Radio-Canada loses its senior vice-president

The big boss of the French sector of Radio-Canada, Michel Bissonnette, has submitted his resignation to the CEO of CBC/Radio-Canada, Catherine Tait. The official announcement will take place this Tuesday morning, I am told.


According to my information, it would not be an amicable departure.
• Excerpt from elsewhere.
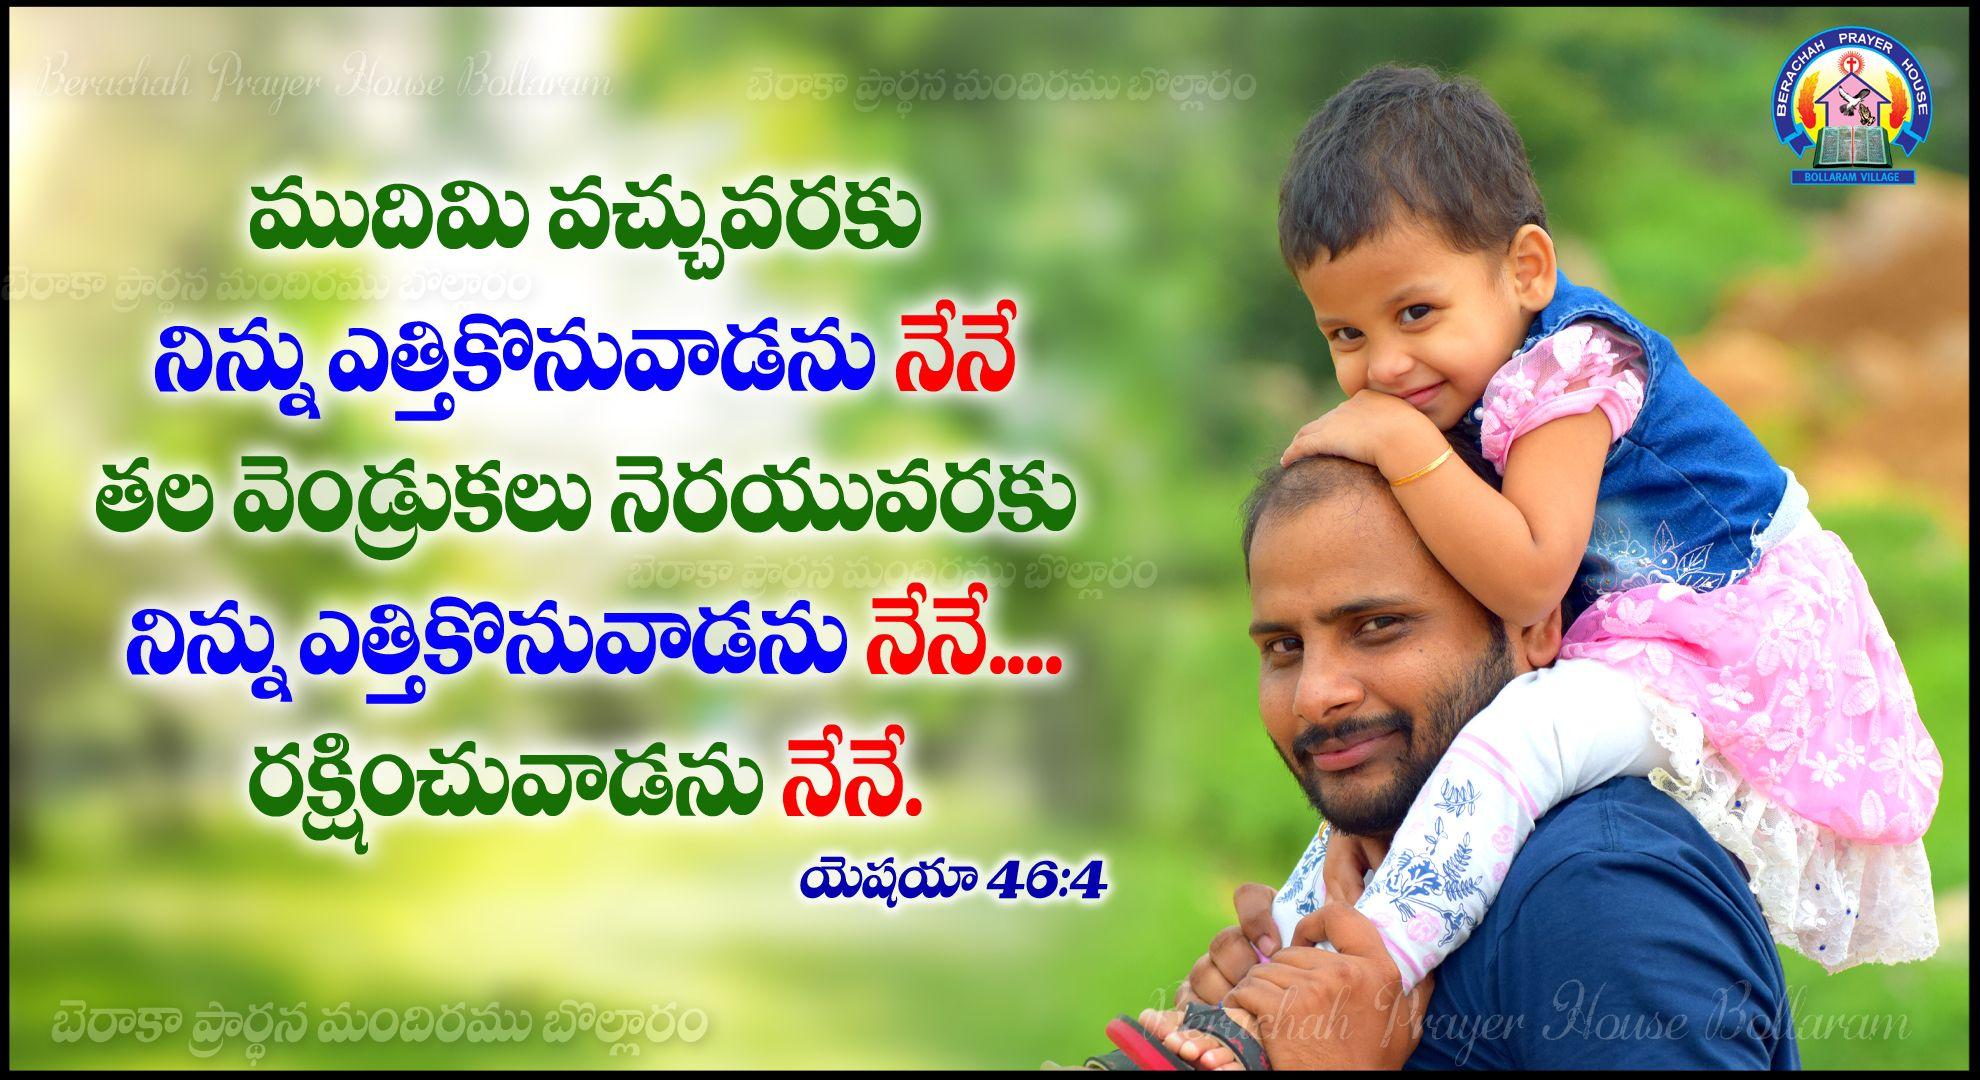 Berachah Telugu Christian Wallpapers Christian Wallpaper Christian Wallpaper

In office since January 2017, Michel Bissonnette, senior vice-president of Radio-Canada in Montreal, has had friction with his superior Catherine Tait, notably in the thorny controversy over the “word starting with an N”, which erupted in summer 2022.

The Canadian Radio-television and Telecommunications Commission (CRTC) then blamed Radio-Canada for a column by Simon Jodoin on the radio show 15-18 from 95.1 FM, which cited the title of Pierre Vallières’ essay four times White Negroes of America. Apologies were presented, but Radio-Canada challenged the authority of the CRTC, ruling that the organization interfered in editorial content and threatened the journalistic independence of the public broadcaster.


PHOTO HUGO-SÉBASTIEN AUBERT, LA PRESSE ARCHIVES

Former vice-president of Radio-Canada Michel Bissonnette, during a visit to the construction site of the new Maison de Radio-Canada

Michel Bissonnette, who co-founded Zone 3 in 2000, went to the front and defended this point, like several headliners from Radio-Canada’s news department, and he was right. Last June, the Federal Court of Appeal overturned the CRTC’s decision, which allegedly exceeded its powers in the “N-word” issue.

This highly publicized affair, which deeply divided French-speaking and English-speaking people within Radio-Canada, does not in itself explain the departure of Michel Bissonnette, but it gives an idea of ​​the strong tensions which reigned between the Montreal and from Toronto. And this type of conflict leaves its mark.

Michel Bissonnette, who has spent almost his entire career in the private sector, did not respond to an interview request Monday evening. Radio-Canada has not commented either.

This resignation comes at a strange time, when the mandate of the president and CEO of CBC/Radio-Canada, Catherine Tait, was only renewed for 18 months. Mme Tait will leave, in theory, in January 2025.

In the new Maison de Radio-Canada, Michel Bissonnette did not have a closed office, even though he managed all the employees there. He sat in a small adjacent meeting room when he had to resolve matters requiring discretion and confidentiality.